Computational and Biological Learning Lab, Department of Engineering, University of Cambridge, Cambridge, UK.
Sainsbury Wellcome Centre, University College London, London, UK.
Nat Neurosci. 2024 Jul;27(7):1340-1348. doi: 10.1038/s41593-024-01675-7. Epub 2024 Jun 7.
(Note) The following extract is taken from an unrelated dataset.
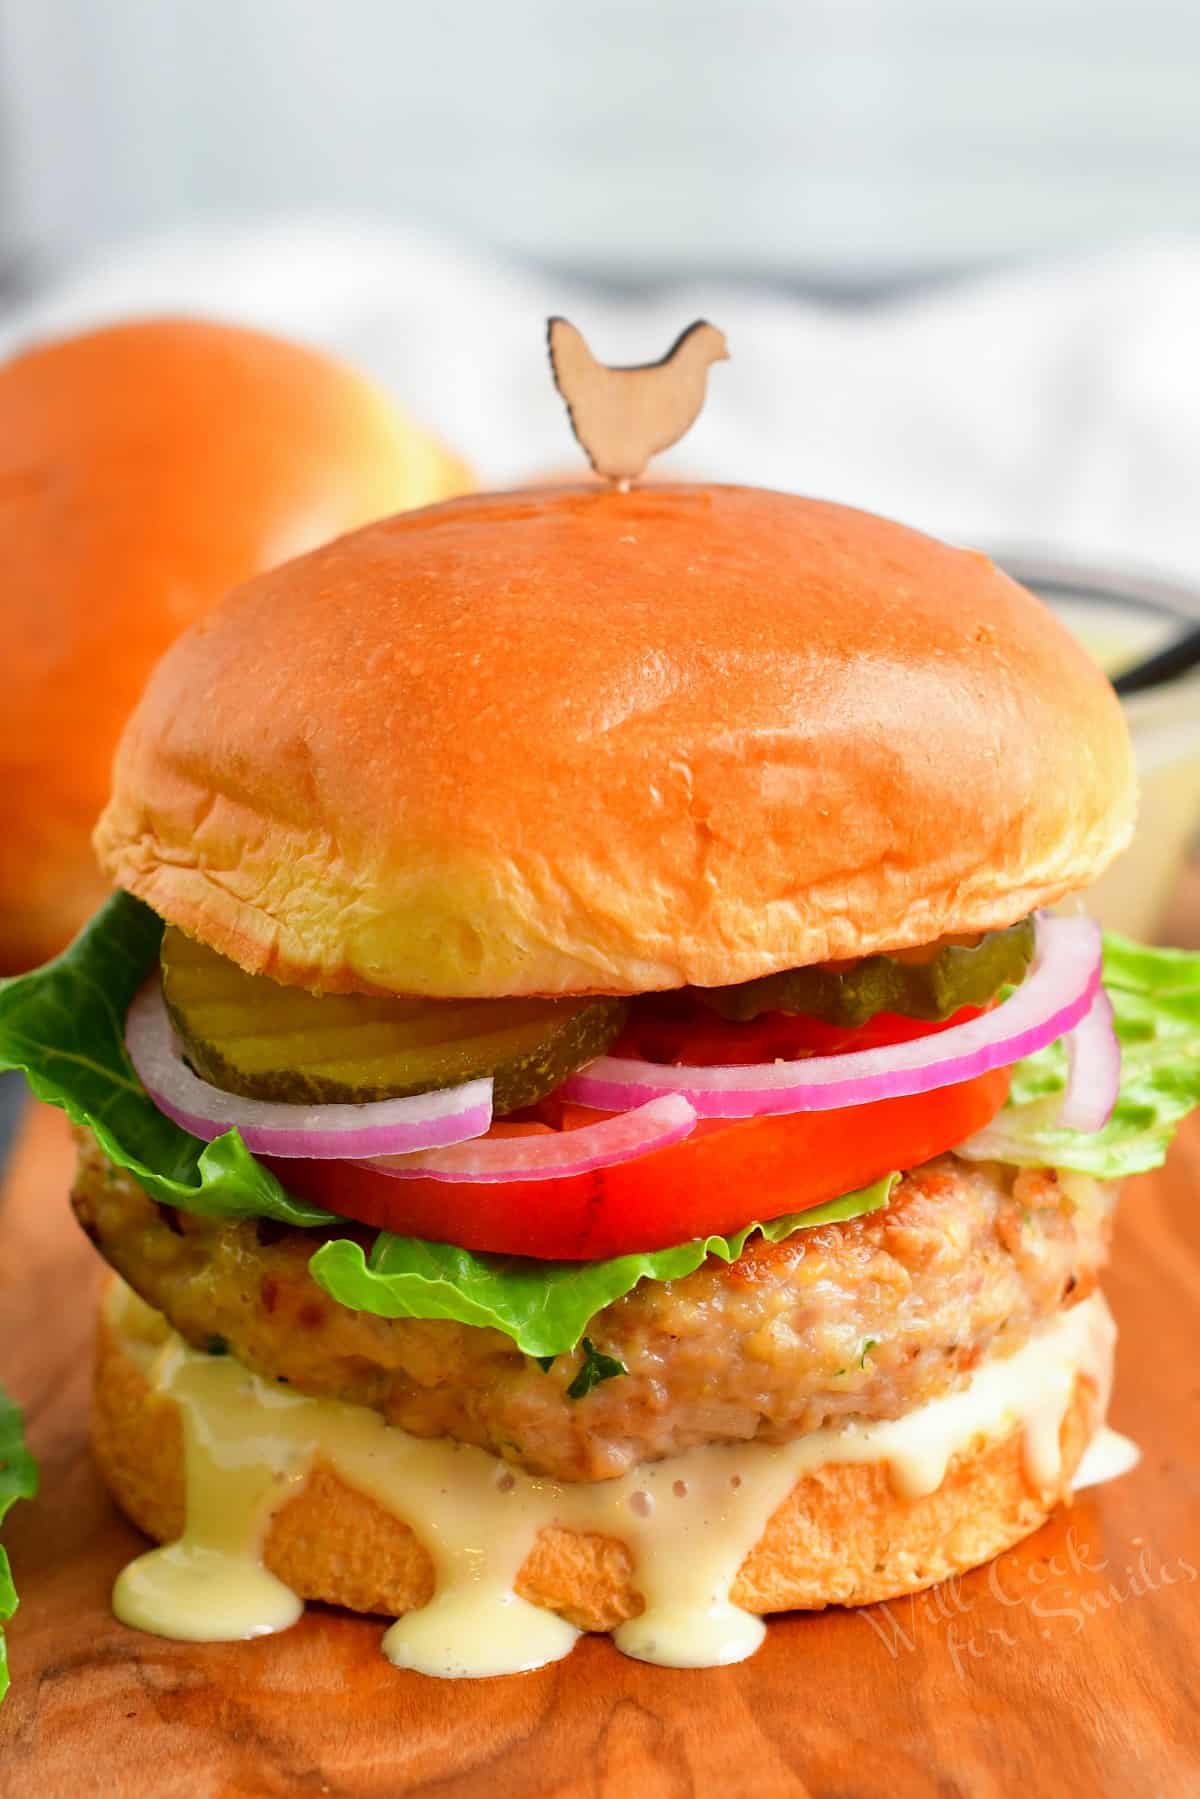 Juicy chicken burger on Brioche bun with creamy sauce dripping and vegetable toppings.

When faced with a novel situation, people often spend substantial periods of time contemplating possible futures. For such planning to be rational, the benefits to behavior must compensate for the time spent thinking. Here, we capture these features of behavior by developing a neural network model where planning itself is controlled by the prefrontal cortex. This model consists of a meta-reinforcement learning agent augmented with the ability to plan by sampling imagined action sequences from its own policy, which we call 'rollouts'. In a spatial navigation task, the agent learns to plan when it is beneficial, which provides a normative explanation for empirical variability in human thinking times. Additionally, the patterns of policy rollouts used by the artificial agent closely resemble patterns of rodent hippocampal replays. Our work provides a theory of how the brain could implement planning through prefrontal-hippocampal interactions, where hippocampal replays are triggered by-and adaptively affect-prefrontal dynamics.
当面对新情况时,人们通常会花费大量时间思考可能的未来。为了使这种规划具有合理性,行为的收益必须弥补思考所花费的时间。在这里,我们通过开发一个神经网络模型来捕捉行为的这些特征,其中规划本身由前额叶皮层控制。该模型由一个元强化学习代理组成,该代理具有通过从其自身策略中采样想象的动作序列进行规划的能力,我们称之为“rollouts”。在空间导航任务中,当代理受益时,它会学习进行规划,这为人类思考时间的经验可变性提供了一个规范解释。此外,人工代理使用的策略 rollout 模式与啮齿动物海马体重放的模式非常相似。我们的工作提供了一种理论,说明大脑如何通过前额叶-海马体相互作用来实现规划,其中海马体重放由前额叶动力学触发,并自适应地影响前额叶动力学。